5 vegetables that become more useful after cooking
While everything is more or less clear with the second point (poultry, legumes and dairy products) and the third point (fatty fish, avocado, vegetable oils), the first one is not as obvious, as it seems.
“Folk wisdom says that processed (that is, cooked) vegetables contain less nutrients than fresh ones do. But this is not always true,”
says Consumer Reports nutritionist Amy Keating.
“A number of nutrients in vegetables and fruits are blocked at the cell level, and high temperatures help to release them.”

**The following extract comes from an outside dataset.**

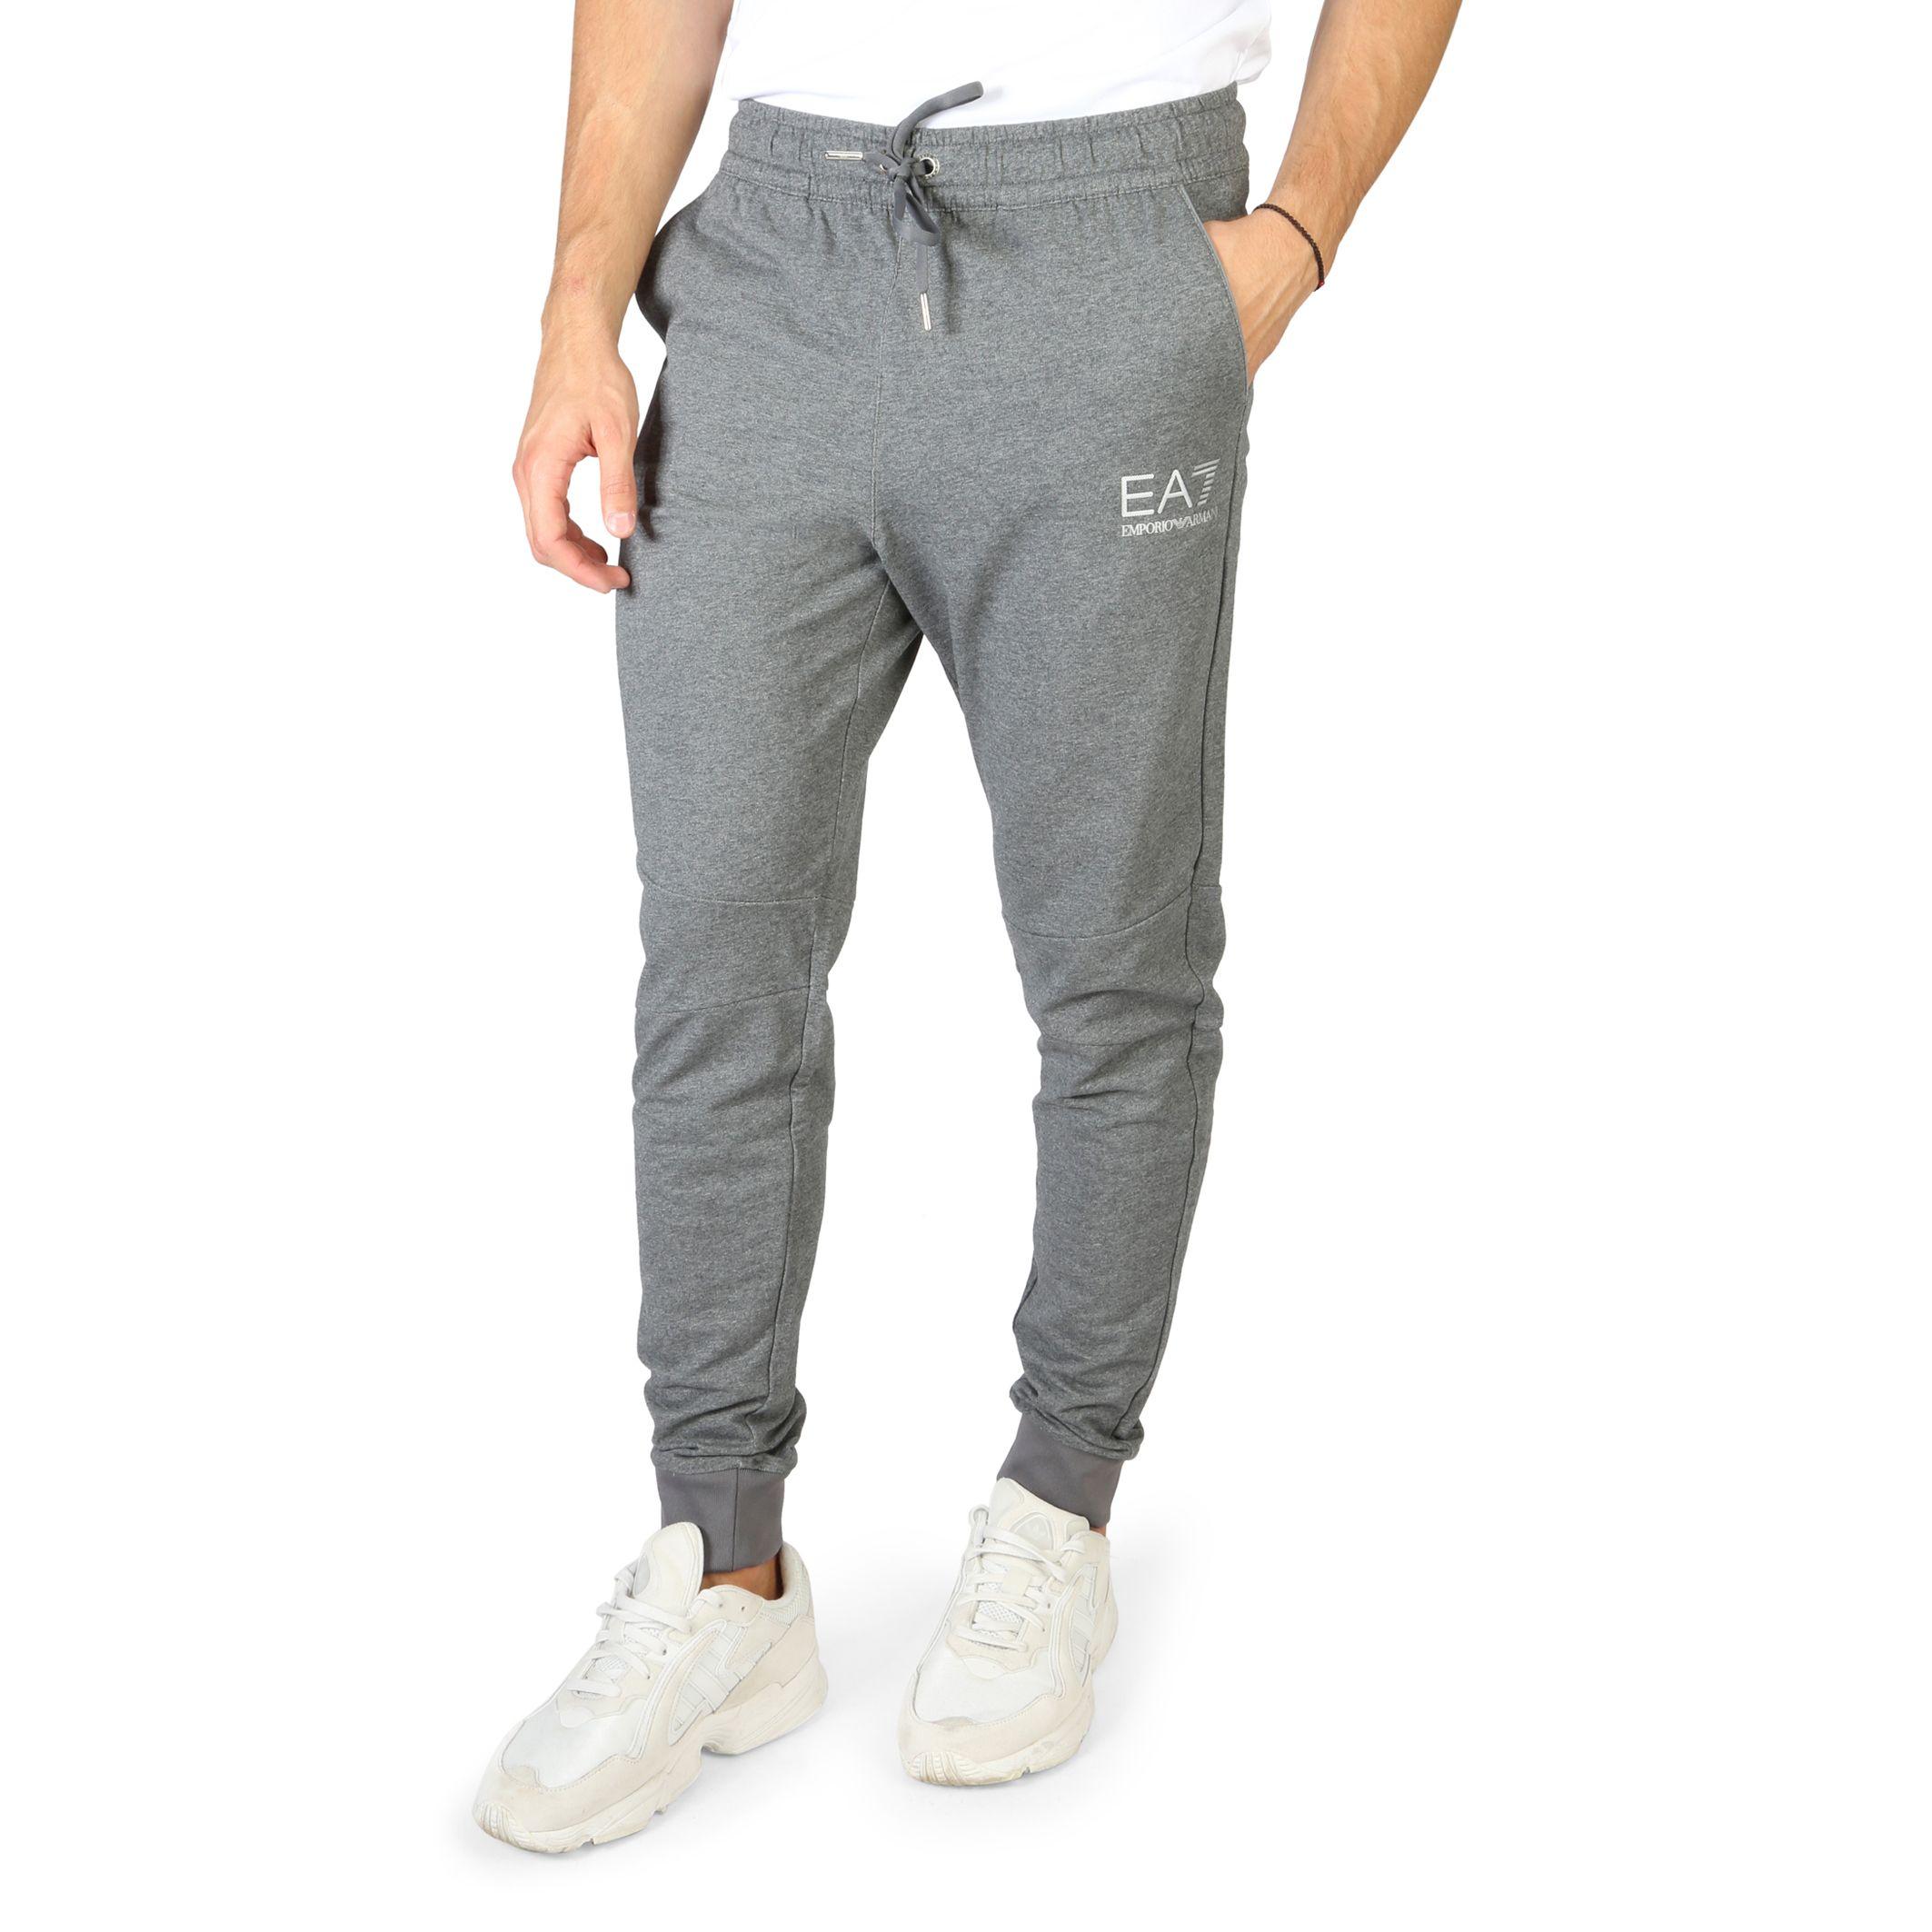 Clothing EA7 – 6ZPP65_PJ60Z

Below, you will find five vegetables, which are better to cook before eating.
CARROT
Cooking process activates carotenoids, which, according to experiments in mice, can prevent cancer. A study held in 2008 and published in the Journal of Agricultural Food Chemistry showed that the level of carotenoids is 14% higher in cooked carrots than that in fresh carrots.
Not the most attractive option? Then don’t forget about frying, which, according to the same study, increases the content of carotenoids by 13%.
SPINACH
Not the most popular for many people, yet extremely useful spinach is literally stuffed with nutrients (especially – calcium and iron). Keep in mind that you should obligatory cook it, because spinach also contains oxalic acid, which blocks the absorption of iron in our body, calcium and other useful elements.
Fortunately, the acid can be destroyed by heating. Studies show that spinach preserves its nutritional properties best, if it is immersed in boiling water for a minute and then into cold water to preserve its attractive appearance.
MUSHROOMS
At least, this fact is responsibly declared by the US Department of Agriculture, based on the data of their own research. In addition, keep in mind that even edible mushrooms can contain a small amount of toxins that are easily destroyed by roasting.
ASPARAGUS
The study, published by the International Journal of Food Science & Technology, showed that cooking asparagus increases the level of six nutrients, including antioxidants with anti-cancer properties, immediately by 16%.
Another study, already in the International Journal of Molecular Sciences, found out that cooking asparagus doubles the content of two types of phenolic acid, which scientists believe to reduce the risk of cancer.
TOMATOES
Exposure to heat increases the content of lycopene. We remind you that this carotenoid pigment is associated with lower rates of cancer and cardiovascular diseases.
Even though exposure to heat reduces the content of vitamin C in vegetables, the same study showed that its activity is increased by 62%. Not bad, huh?